What do I mean by “adolescent perspective”?

Let me start with my primary and longest (so far) career—teaching high school English for almost two decades in rural South Carolina.

I must confess that i genuinely and deeply adore young people: babies, children, teenagers, and young adults. I have a very special place in my heart as a teacher for high school sophomores, in fact.

But it is the exact same quality found in teens that makes them wonderful and then nearly insufferable. Teens respond to the world with their hearts and souls first, responses completely disconnected from their still-developing brains and their nearly absent ability to be rational.

From second to second, teens appear to be trapped in a sort of bi-polar hell: magically happy to the point of levitation or mortally wounded by something otherwise innocuous.

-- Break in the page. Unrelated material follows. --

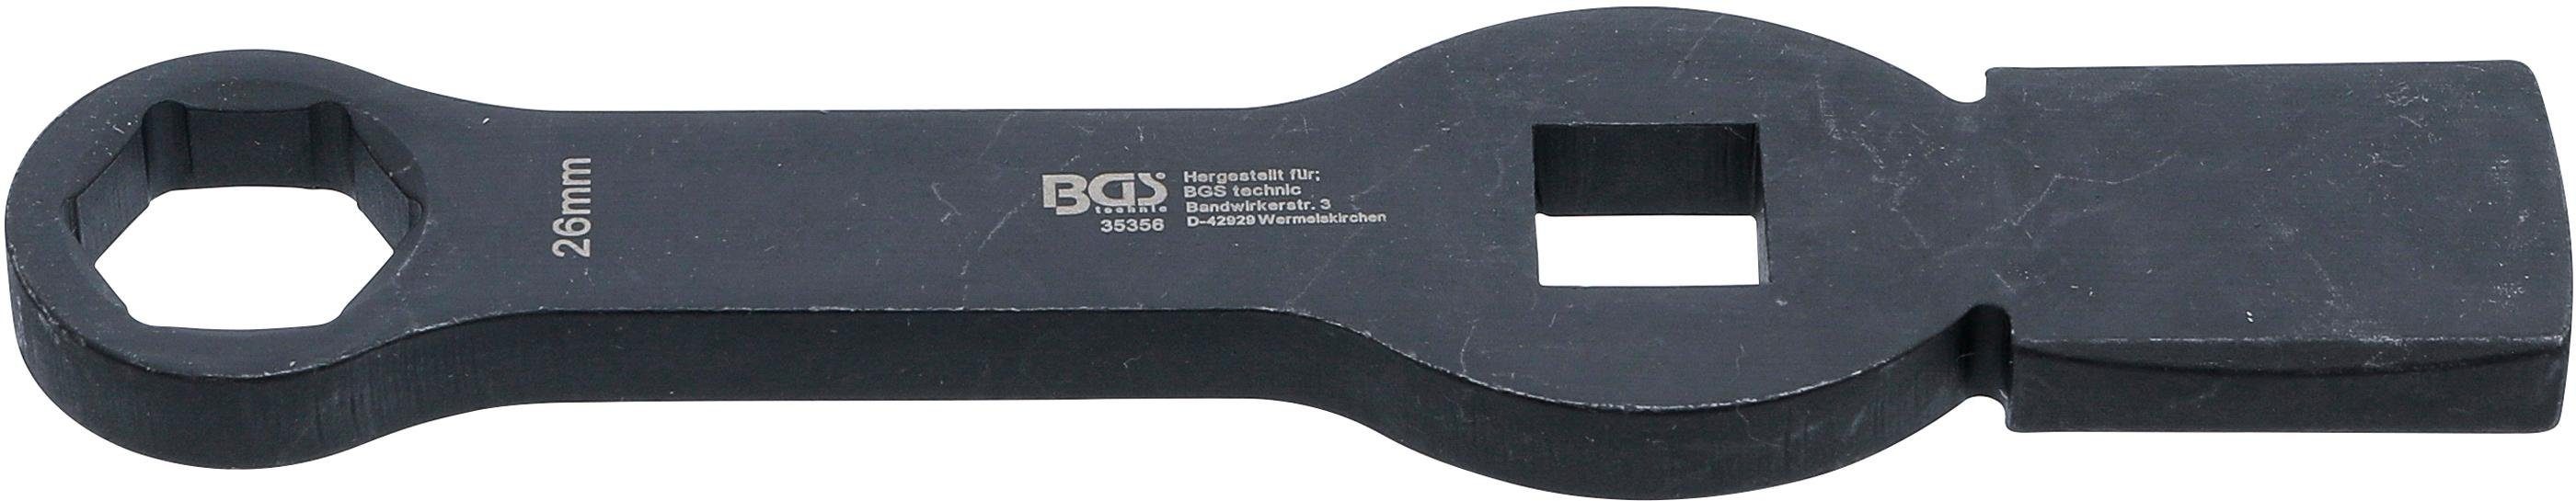 BGS technic Ringschlüssel Schlag-Ringschlüssel, Sechskant, mit 2 Schlagflächen, SW 26 mm

That bi-polar hell is often reinforced by a belief that she/he has discovered something, thought of something, or is witnessing something that has never yet existed in the universe (there was “O, my, god Prince!” as if Jimi Hendrix and Little Richard had never walked the planet) as well as a nearly paralyzing obsession with fairness.

While teaching adolescents (or children, or young adults) can be incredibly satisfying and invigorating because of their passion, because so much of the world is new to them, Howard Gardner, for example, has detailed well, I think, the foundational divide that occurs between young students and their understanding the disciplines—and how that continues into adulthood:

An expert is a person who comes to understand the world differently. But that is very, very difficult to do and I’m going to argue today that it’s not done very often. …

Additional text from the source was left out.